I don't think that should be an issue. Although I'm not entirely sure about what the standard prescribes, the lambda should have a unique type, so weighted_distance_transform() should get specifically instantiated for that lambda (and the compiler should probably deduce that it's not going to re-use that implementation for any other function due to the type uniqueness). The problem is that the compiler might recognize the lambda as non-trivial function, so it doesn't inline it, which might be the reason it misses out on the optimizations. So maybe one could try to force-inline the lambda, but I'm not sure if that is actually beneficial in the end...

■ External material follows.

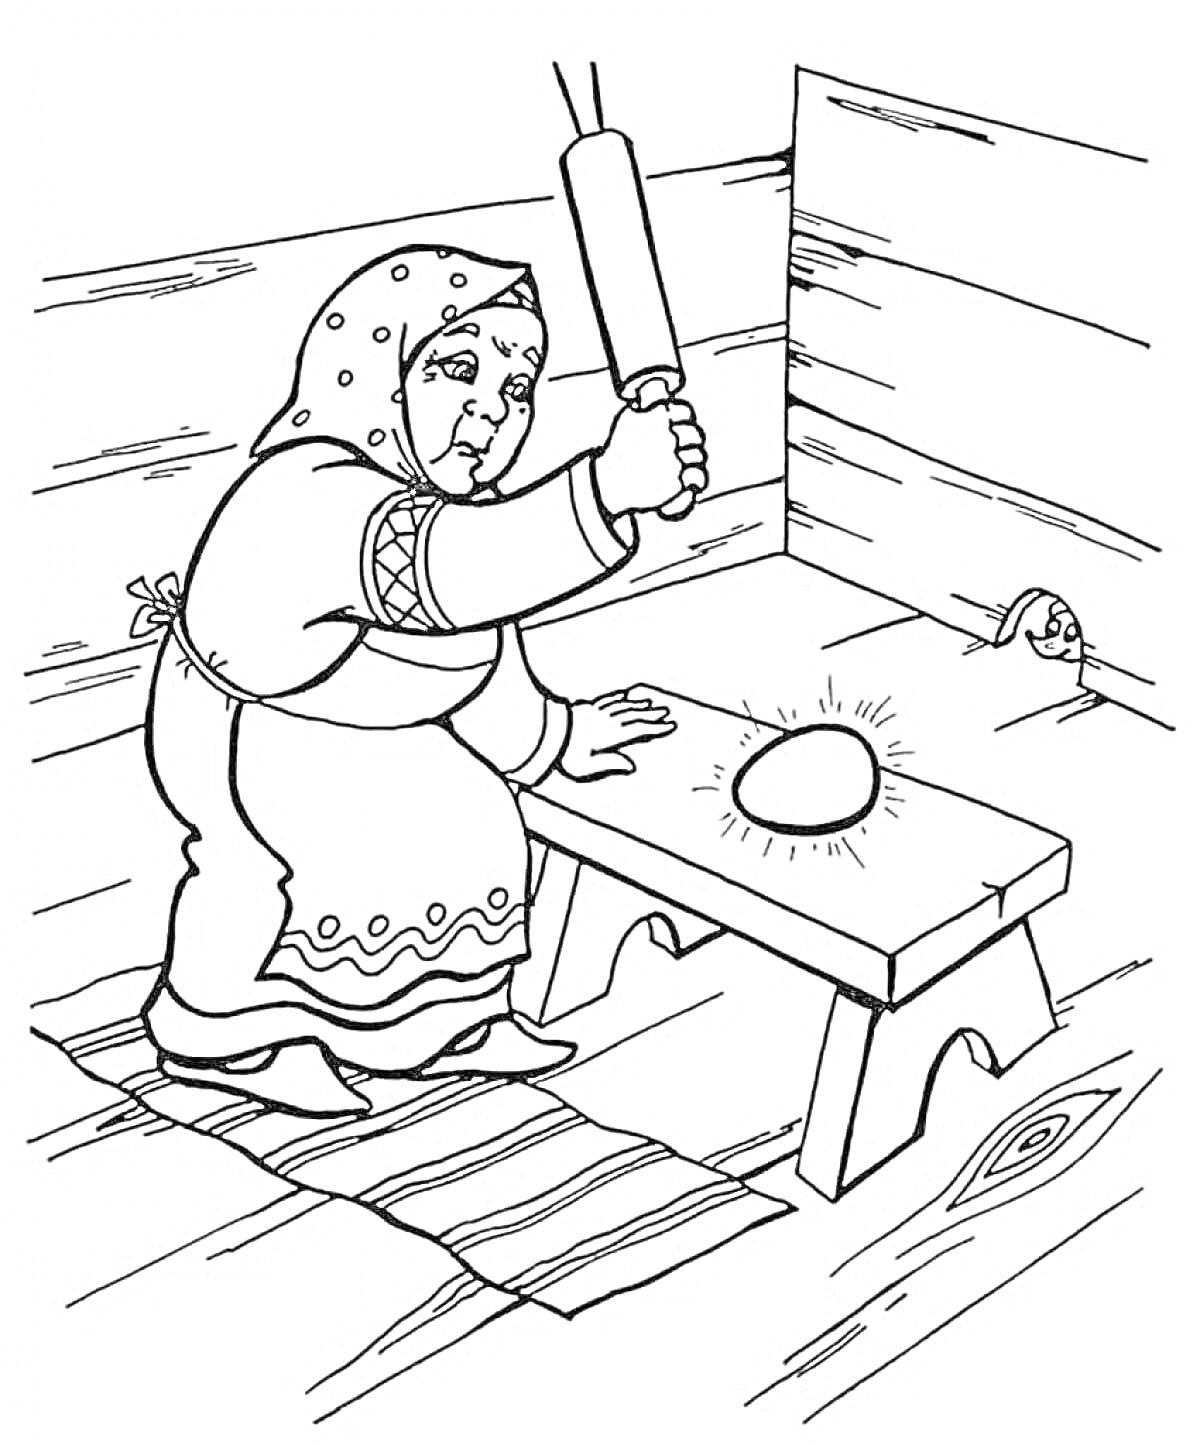 Раскраска Бабушка бьёт яйцо скалкой на столе в деревянном доме с мышкой

danielzgtg commented 1 year ago

I just switched to a new branch and made a few test edits. It is still 3000us after putting [[gnu::always_inline]] inline in front of every single function in distance_transform.hpp. Putting that only in front of weighted_distance_transform() gives the same result.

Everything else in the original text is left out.